We disagree, also, with President Ramaphosa’s decision to move the SOEs to their respective policy departments. In our view, this will create conflicts of interest, with the likely result that the SOEs’ interests will dominate policy decisions in these sectors, to the detriment of public interests. Instead, the SOEs should be managed by the National Treasury until a small, highly skilled department with a clear and limited mandate can be established.
At the same time, the president should release for public debate the detailed reviews of the big SOEs commissioned by the presidential state-owned enterprises council. The issues are too important for these reports to be available to only a select few.
He should appoint a high-level team led by business leaders to conduct a review of the financial position of all big SOEs.
Most importantly, the GNU needs to drive a process that will ensure the discipline created by competition for customers is the crucial method for ensuring SOEs are focused on delivering the best possible services at the lowest possible prices.
SOEs are monopoly providers of crucial services, and this explains why their collapsing productivity has persisted for so long, and why it has had such profound knock-on effects for the rest of the economy. Addressing this issue by introducing more competition wherever feasible into sectors now dominated by SOE monopolies needs to be the core focus of the reforms to fix these entities.
This is particularly true for electricity generation, freight rail services and dockside port operations in harbours. There is no reason these activities have to be dominated by a single firm, much less a subsidiary of a vertically integrated state-owned firm. This approach creates far too much market power for the SOEs — power that, in the absence of competition, results in higher costs and lower productivity. This is the heritage of muddled thinking about the developmental state.
We will know if progress is being made if specific reforms are implemented soon. These include accelerating Eskom’s transition to a systems operator active in a competitive market, restructuring Transnet’s freight rail services to ensure competition, and spinning out the ownership and management of ports from Transnet. In addition, Prasa’s commuter rail services should be handed over to the metros in which they are provided.
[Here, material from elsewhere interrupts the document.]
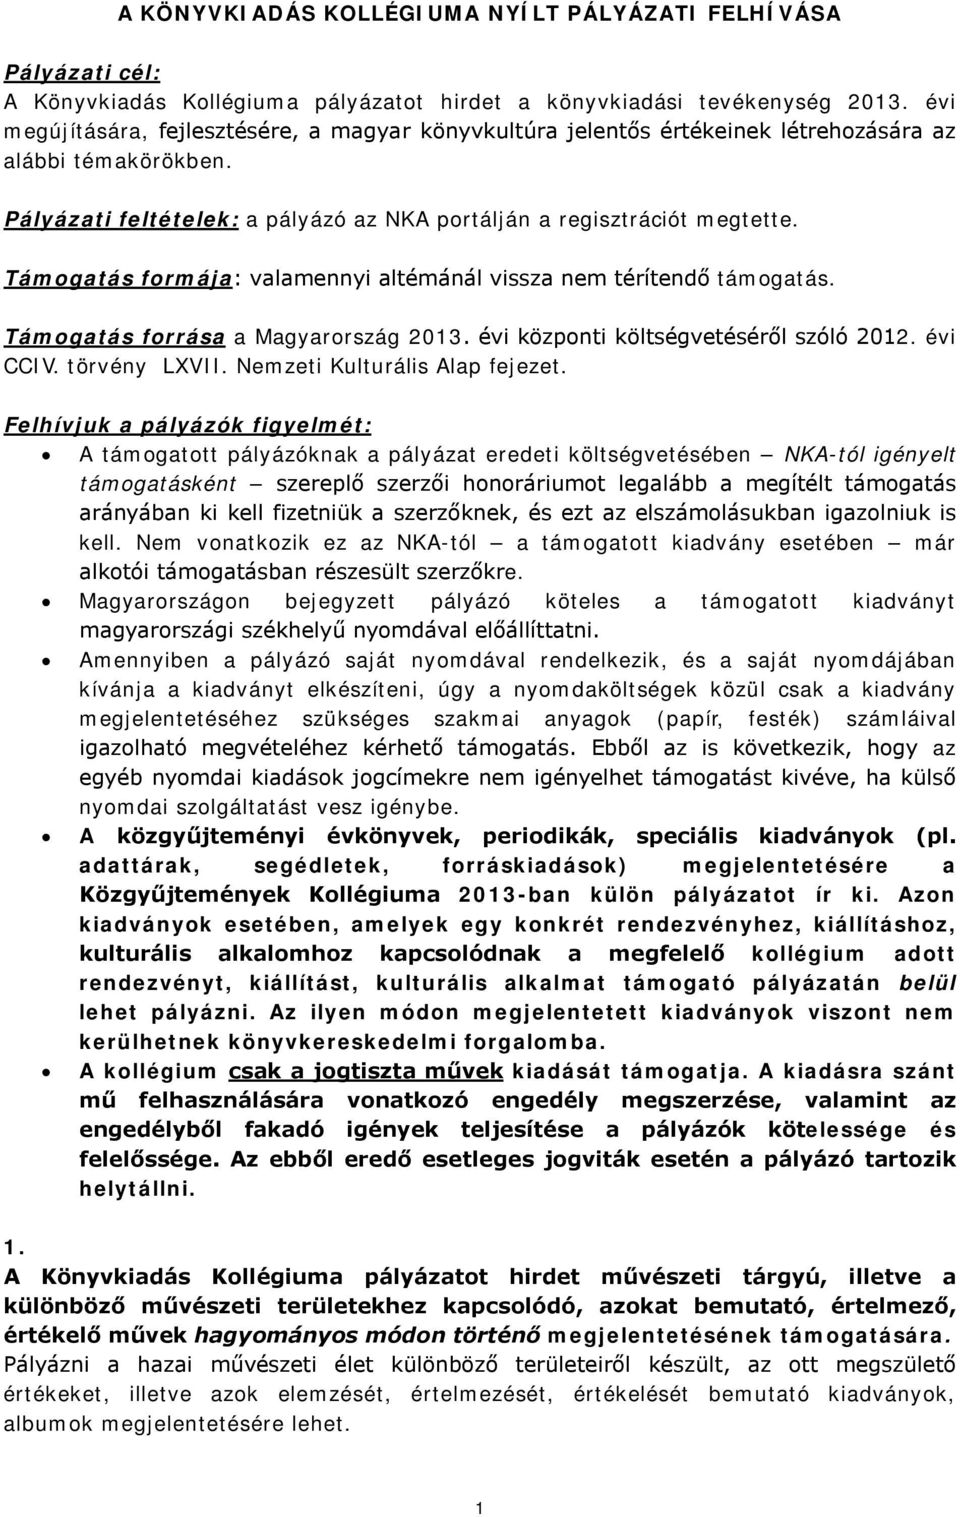 Támogatás formája: valamennyi altémánál vissza nem térítendő támogatás. Támogatás forrása a Magyarország 2013. évi központi költségvetéséről szóló 2012. évi CCIV. törvény LXVII.

Finally, bailouts for non-strategic SOEs should be denied and the assets of unsustainable SOEs sold.
No-one should doubt the difficulties of implementing all this. Bad thinking about the “developmental state” has consequences that won’t be simple to reverse. It’s time to confront the challenges and commit to a new approach. That is the only way to fix our SOEs.
- Ann Bernstein is executive director of the CDE. This article draws on a new CDE report, ‘Solve the SOE challenge’, which is the sixth action document in the organisation’s ‘Agenda 2024: Priorities for South Africa’s new government’ series.